Every two or three years, I feel an uncontrollable reflex to do something new – something big. I’ve driven 32 hours to move from Florida to California, moved to a completely new country and changed jobs several times. I feel most purposeful when I’m moving, pursuing change and taking on new challenges.
My partner feels most purposeful in staying, remaining. Where I feel inspired by stories of people who take big leaps of faith into the unknown, he’s inspired by stories of people who stay, hold their ground and see every endeavour through to the end. Within the context of any committed relationship, each person likely has a different relationship to change. What’s yours? What about your partner? If you don’t know, take some time to reflect and discuss it together this week.
A couple models you can use to help articulate your feelings about change are the Kubler-Ross Change Curve and the Rogers’ Technology Adoption Curve. According to Dr. Elisabeth Kubler-Ross, there are four states of change that typically generate different reactions.

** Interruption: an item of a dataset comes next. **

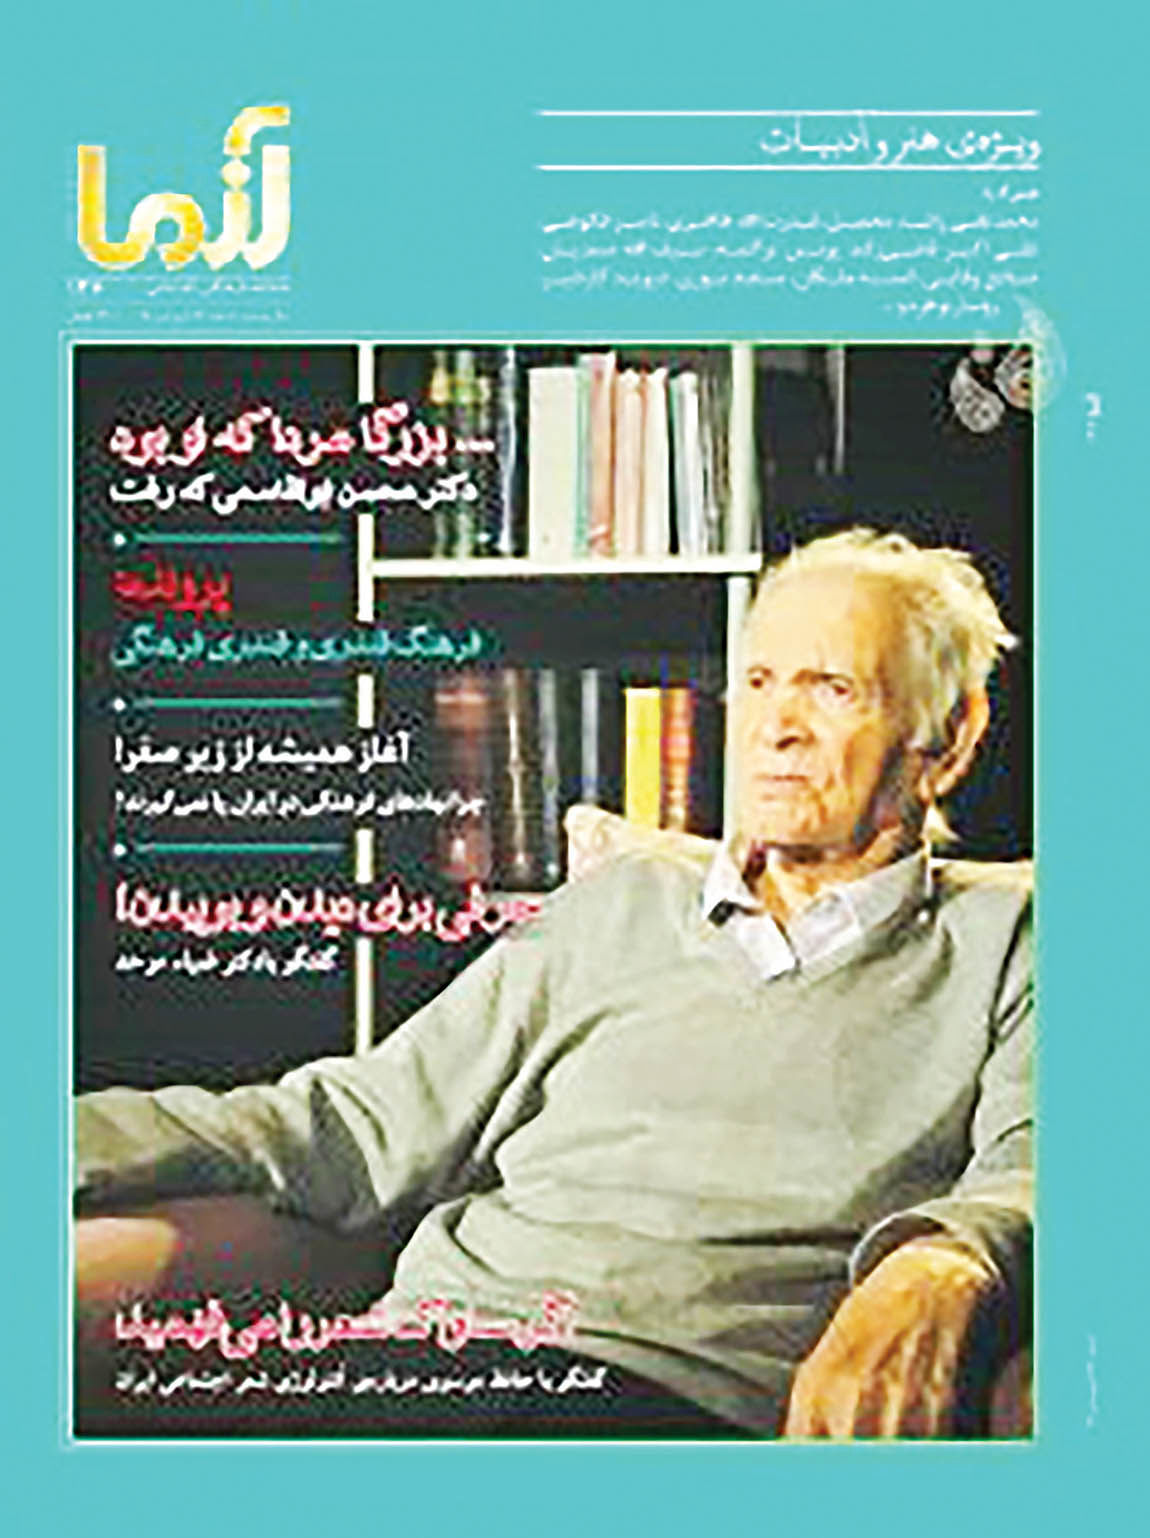 شماره جدید ماهنامه «آزما» با عکس محسن ابوالقاسمی

Stage one introduces a challenge to the status quo and can be met with shock and denial
As the reality of the change sets in, people move into stage two, called the disruption stage, and can respond in fear or anger
Stage three is marked by acceptance and exploration of the potentially positive implications of change
Stage four is a rebuilding phase where the change is fully embraced
The emotional reactions you have to each phase of the change curve and how long you stay in each stage would be influenced by how much you individually like or pursue change. This idea is shown in Rogers’ technology adoption curve, originally created to describe customers’ reactions to new products, but can be used more widely to show a person’s general penchant for change. In this model, there are five types of people:
Innovators
Early Adopters
Early Majority
Late Majority
Laggards
You can read more about Rogers’ model here. Even with our general dispositions toward change, it’s worth noting that we all probably respond differently in different seasons of life and may react differently depending on if we pursued the change ourselves or had a change thrust upon us. For example, being surprised by grief or loss is a type of change, and I certainly respond differently to loss than a move or a new job that I chose.
Last week, we introduced this new series called Changing Tides. As you’ve put work into your relationships, you might feel things changing. We hope it’s for the better. We also know even positive change can be scary and take time to adjust to as the status quo of your relationship is challenged. Be patient with each other. No matter where we are on the scale of change adoption, none of us handles it perfectly! Enjoy the opportunity to learn something new as you discover how you both respond to Changing Tides.